For example, the second set may comprise a subset of the vectors of the first set and/or the vectors of the first set may be duplicated to generate a down-scaled or up-scaled artificial graph having similar properties.
In a fifth possible implementation form of the first aspect, all vectors of the second set of vectors are determined by selecting a vector of the first set of vectors and adding a noise vector to the selected vector.
Hence, besides generating a down-scaled or up-scaled artificial graph, graph properties may be randomly modified to provide the artificial graph with similar yet randomly modified properties compared to the original graph, thereby allowing systematically testing the significance of the network analysis tool results.
In a sixth possible implementation form of the first aspect, the noise vector is randomly or pseudo-randomly drawn from a multidimensional Gaussian probability distribution.
Hence, a multitude of statistically similar yet different artificial graphs may be generated that provide for graph samples within a region around the original graph.
In a seventh possible implementation form of the first aspect, the nodes of the first graph are assigned to communities and a node of the second graph corresponding to a selected vector of the first set inherits a respective community assignment of the node corresponding to the selected vector.
The communities may, for example, represent sets of densely connected nodes while the sets are more sparsely connected to each other than to the rest of the network. Hence, artificial graphs with communities having a similar (in a statistical sense) yet different structure compared to the original graph may be generated.

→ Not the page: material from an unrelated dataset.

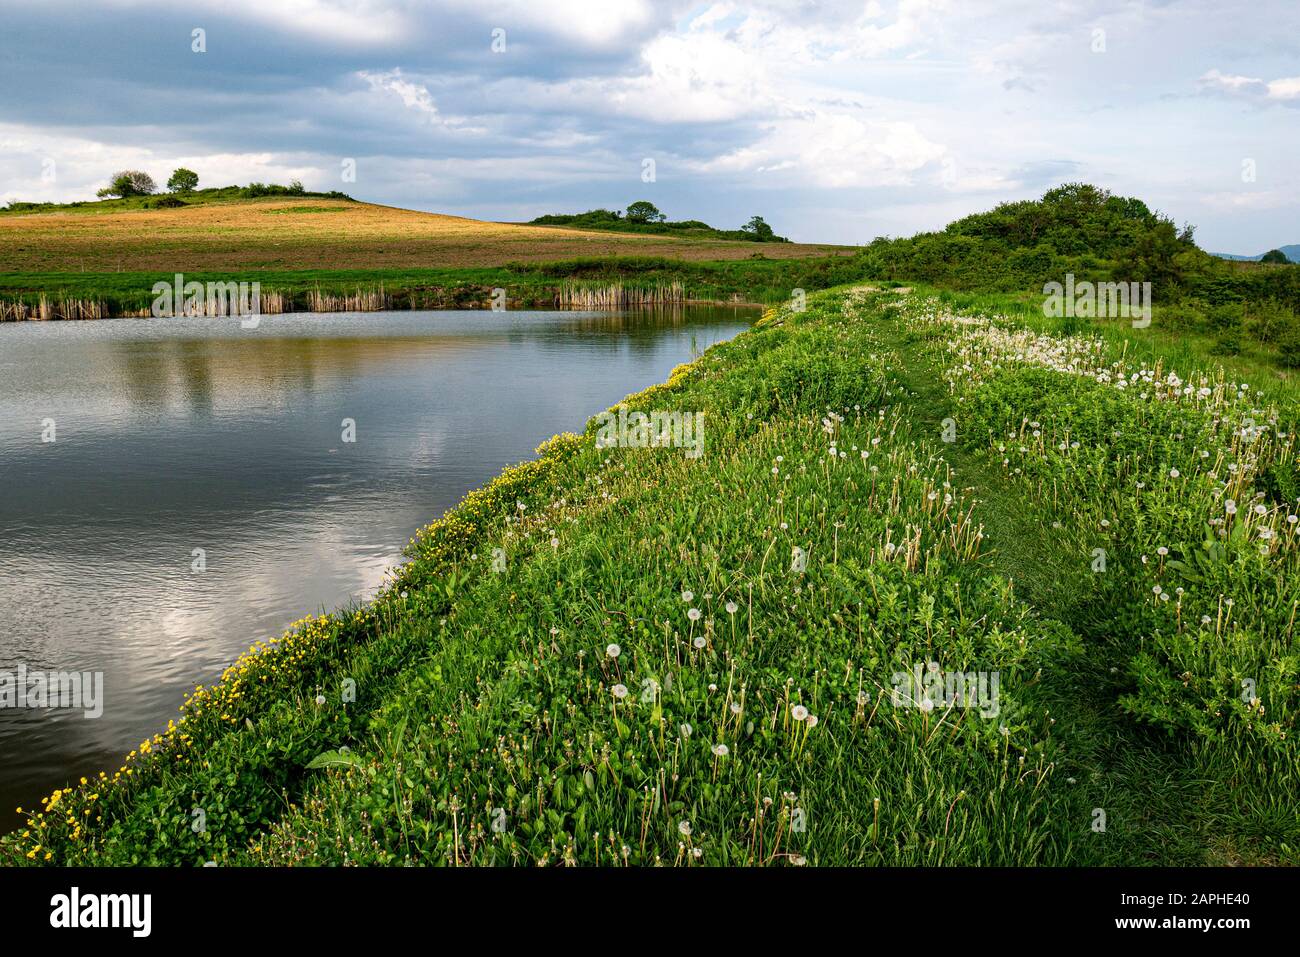 Flowering wild flowers and dandelion on the shore of a lake. The water surface is curled by the wind. Stock Photo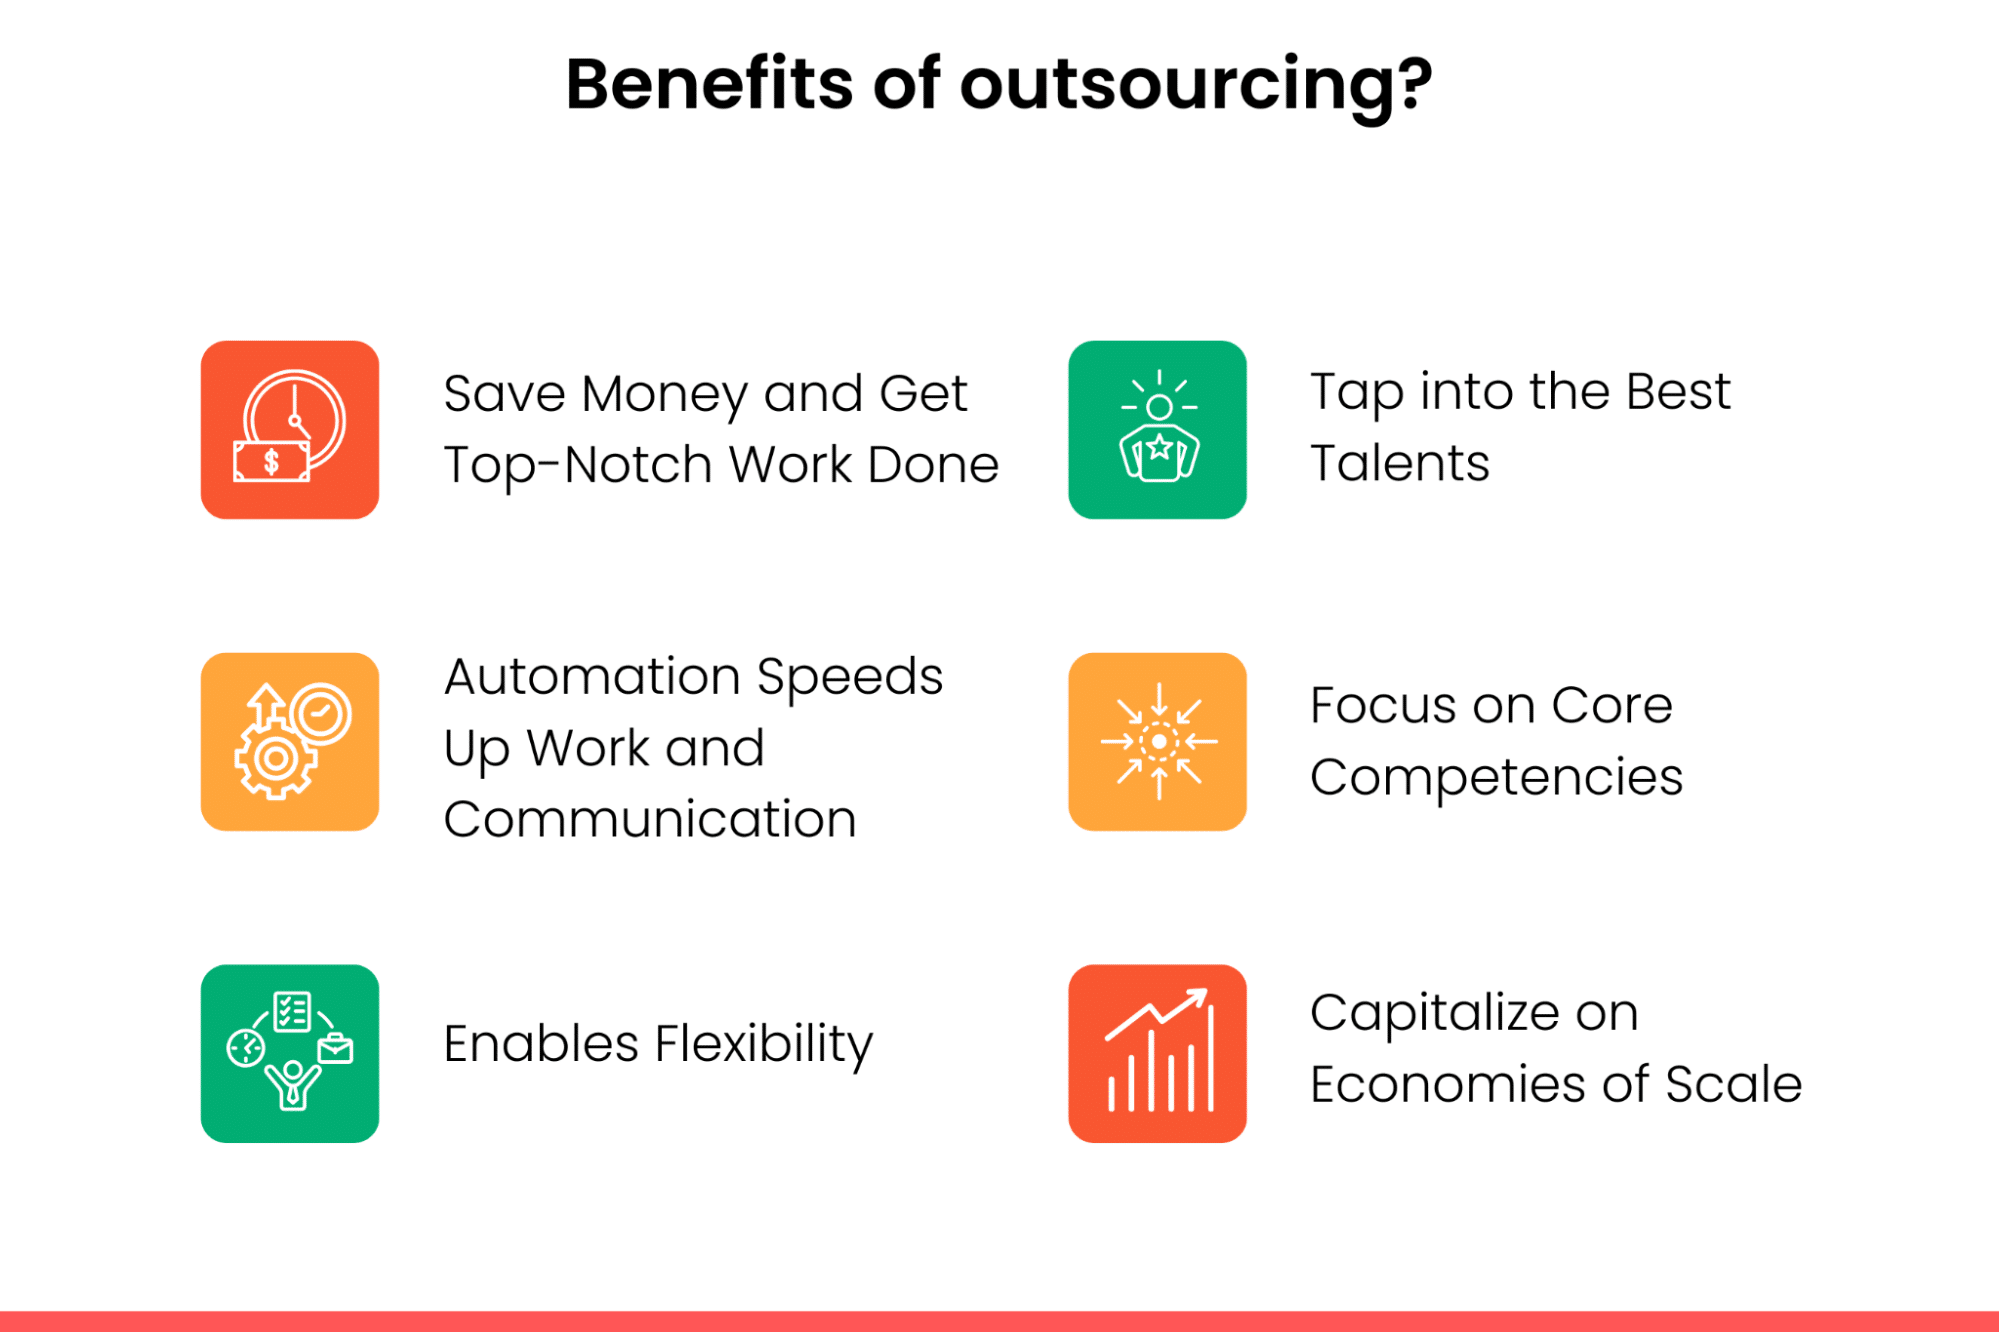 What are the key benefits of outsourcing

In a eighth possible implementation form of the first aspect, the edges of the first graph are assigned weights and an edge of the second graph connecting nodes corresponding to selected vectors of the first set inherits a respective weight of an edge of the first graph connecting the nodes corresponding to the selected vectors.
Hence, additional features of the network modelled by the graph may be encoded in the edge weights and at least partially preserved in the generated artificial graphs. For example, the weights may correspond to bandwith of a communication link, transport capacity, etc.
In an ninth possible implementation form of the first aspect, if the nodes corresponding to the selected vectors are not connected in the first graph, said edge of the second graph is assigned a minimal weight among all edges of the first graph.
Hence, a weight structure of the original graph may be maintained while generating artificial graphs having a similar characteristic than the original graph.
In a tenth possible implementation form of the first aspect, determining edges connecting nodes of the second graph based on the similarity function further comprises comparing connection scores of pairs of nodes of the second graph with a threshold.
For example, edges between nodes of the second graph may be added, if the connection scores of the respective node pairs are above the threshold.
In an eleventh possible implementation form of the first aspect, the threshold is determined to discriminate, based on the similarity function, top-E node pairs of the first graph with relatively higher connection scores from the rest of node pairs, where E is a number of the edges in the first graph. According to a second aspect of the present invention, there is provided a computer-readable medium, storing instructions which if executed by a computer cause the computer to load an input network dataset, the input network dataset defining a first graph, the first graph comprising nodes and edges, the edges representing connections between the nodes, map the nodes to a first set of vectors, wherein the mapping is based on a similarity function assigning connection scores to vector pairs, determine, based on the first set of vectors, a second set of vectors, wherein each vector of the second set of vectors represents a node of a second graph, and determine edges connecting nodes of the second graph, based on the similarity function.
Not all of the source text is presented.